On the contrary, Choi et al., (2010) found that the BWG of NZW rabbits fed 0.1%, 0.2% GS and 0.1%, 0.2% grape peels extract showed no significant difference compared with the control. Later, Hassan et al. (2014a) concluded that rabbits exposed to summer stress and fed 1.0% GS in the ration had the highest (p ≤ 0.05) final BWG (2.436 kg) and higher daily BWG (29.9 g/rabbit) than rabbits fed 0.5% GS, 1.5% GS. Authors attributed their findings to the presence of procyanidin, which reduced stress effects and improved rabbits’ health (Garcia et al. 2002). Chen et al., (2013) confirmed that procyanidin extract from grape seed has biologically active substances with antioxidative activity. Also, Brenes et al. (2008) noticed that procyanidins might have biological impacts in saving tissues from oxidative destruction and eliciting antioxidant activity.

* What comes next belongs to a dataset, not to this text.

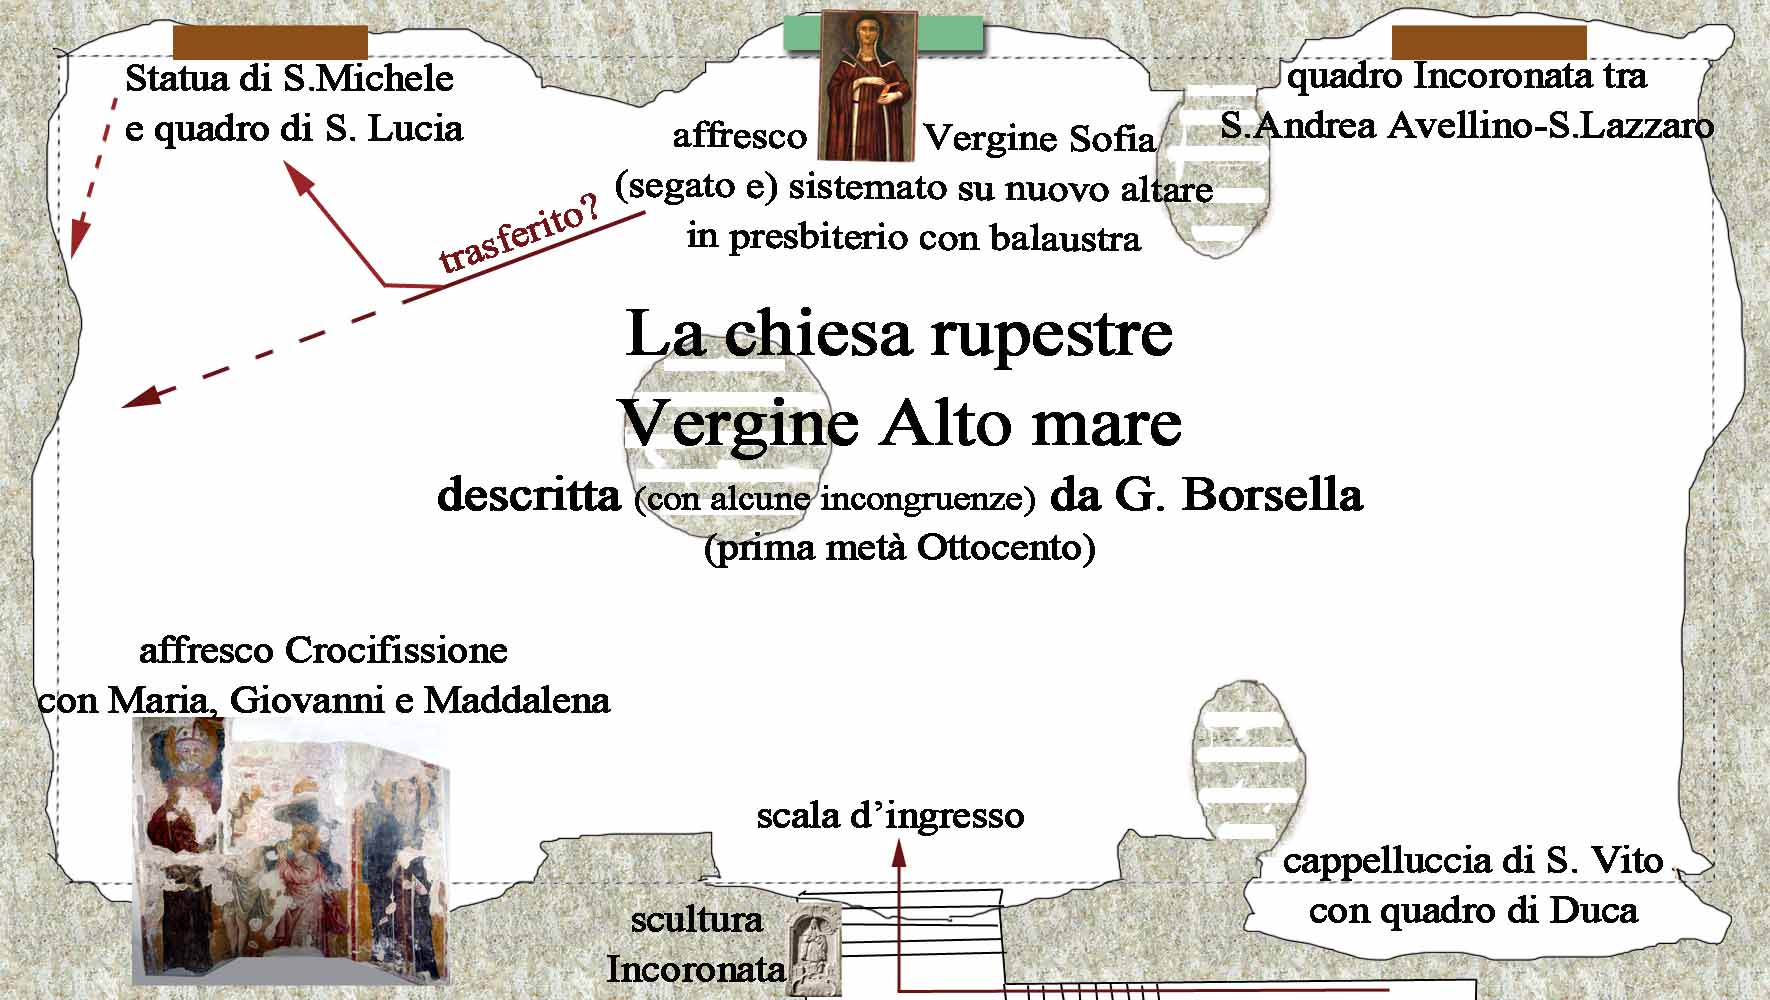 pianta schematica della cripta nella prima met dell' '800, secondo le descrizioni del Borsella
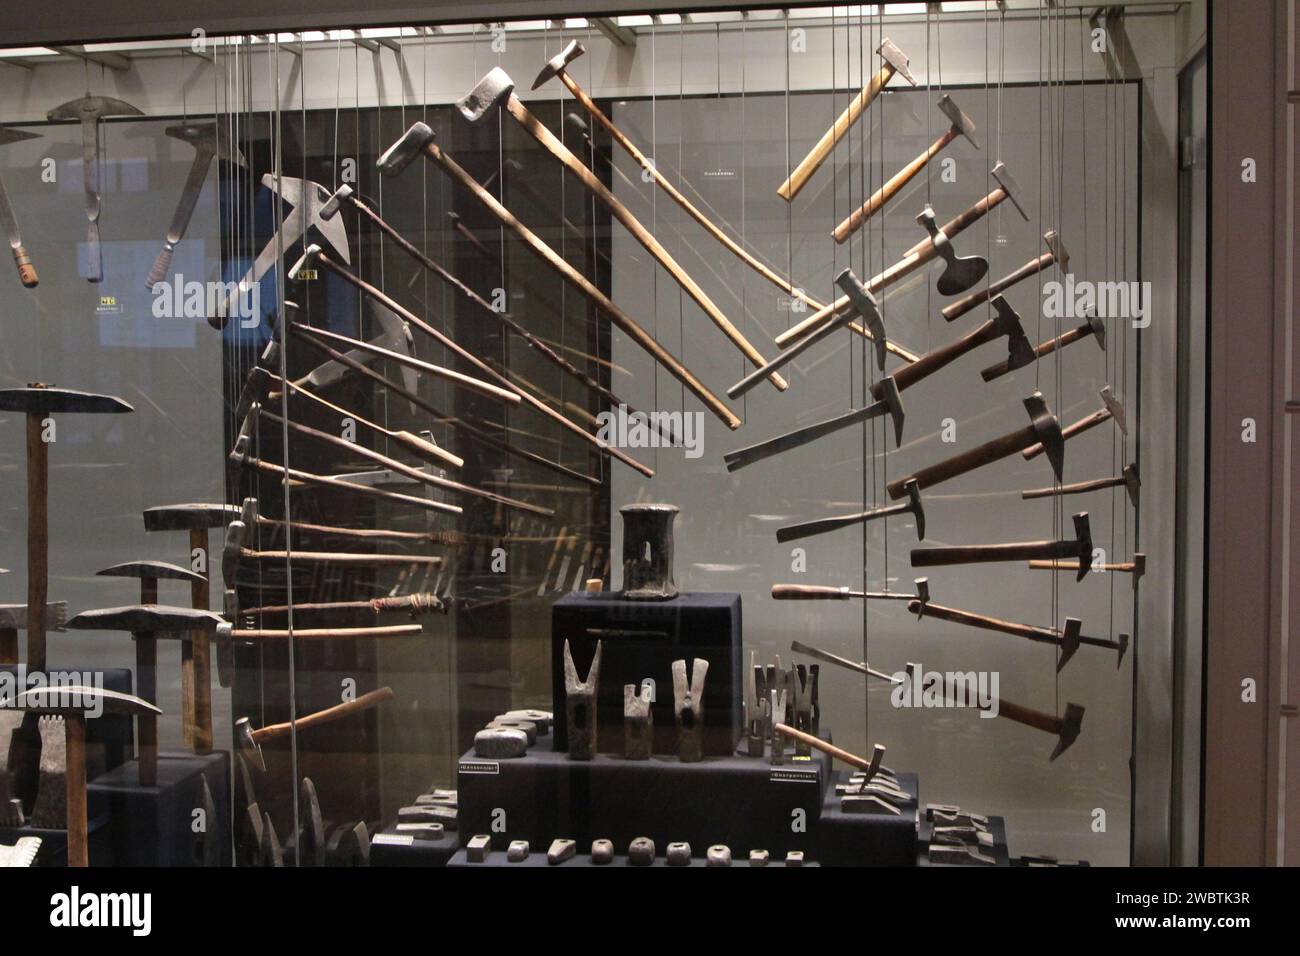 La façon dont ces marteaux sont exposés au Musée de l'outil à Troyes, en France, reproduit le mouvement qu'un utilisateur de cet outil ferait. Banque D'Images

From our results, Ch improved LBW (p < 0.001) at 9 and 13 weeks of age, whereas the highest values of LBW were obtained by rabbits fed 0.5 ml g/kg level of Ch compared with the control or the other treatment groups. Chamomile oil improved (p < 0.001) LBW at nine and thirteen weeks of age during the fattening period of rabbits, whereas the highest values of live body weight occurred with a level of 0.5 ml g/kg Ch compared with the control or the other treatment groups. These findings are supported by those conducted by Hanna et al., 2008, Skomorucha and Sosnowka-Czajka, 2013. They reported that the body weight gain and feed consumption of fattening rabbits were significantly increased by 1.0% fennel or 0.75% chamomile inclusion in feed. The rabbits fed BD + 0.5 ml g/kg Ch had the highest feed intake during the whole period compared with the other groups. Our findings agree with those of Simonová et al. (2007), who found that Ch is a promising alternative for preventing and controlling bacterial and parasitic infections and improving the general health of rabbits . From our results, colistin improved rabbits’ performance when compared with control ones. Our result is parallel to that conducted by Kumar et al., (2020) who confirmed that colistin as a dietary supplementation improved the productivity of livestock.

The carcass traits were markedly affected by the addition of AN, GS and Ch, except the kidney %, while spleen and intestine weights% were lowered (p < 0.05 or 0.01) compared with the control. These results concur with Hajati et al. (2015), who concluded that GS dietary inclusion has no impact on the carcass properties of broiler chickens exposed to thermal stress. However, Brenes et al. (2010) noticed a marked decrease in the intestinal length of broiler chickens supplied with GS at 0.6, 1.8 and 3.6 g/kg feed. Also, Hassan et al. (2014b) found that the estimated carcass traits with the dietary GS inclusion of 1.0% GS increased only the weights before slaughter (p ≤ 0.05). Hassan et al. (2016) found that dietary GS increased carcass weight, hot carcass, and edible contents %, while non-edible contents were lowered (p ≤ 0.05) compared with control ones. Spleen and intestine weight % were lowered (p < 0.05) in rabbits fed Ch compared with control rabbits. These findings are in concur with El-Adawy et al. (2015), who found that the giblets weight% was not improved by the addition of medical and aromatic herbs, while liver weight significantly increased (p < 0.05). Radwan and Kkhalil, 2002, Hassan et al., 2004 concluded that the carcass properties differed between different treatments upon feeding rations with medical and aromatic herbs.

Conclusions

Our resultsconcluded that the dietary inclusion of grape seed oil and chamomile oil improved the productivity of growing rabbits than the control and antibiotic-treated groups. Grape seed and chamomile oils are recommended to be used as dietary supplementation for rabbits.

Funding

This study was supported by the Taif University Researchers Supporting Project (TURSP-2020/197), Taif University, Taif, Saudi Arabia.

Declaration of Competing Interest

The authors declare that they have no known competing financial interests or personal relationships that could have appeared to influence the work reported in this paper.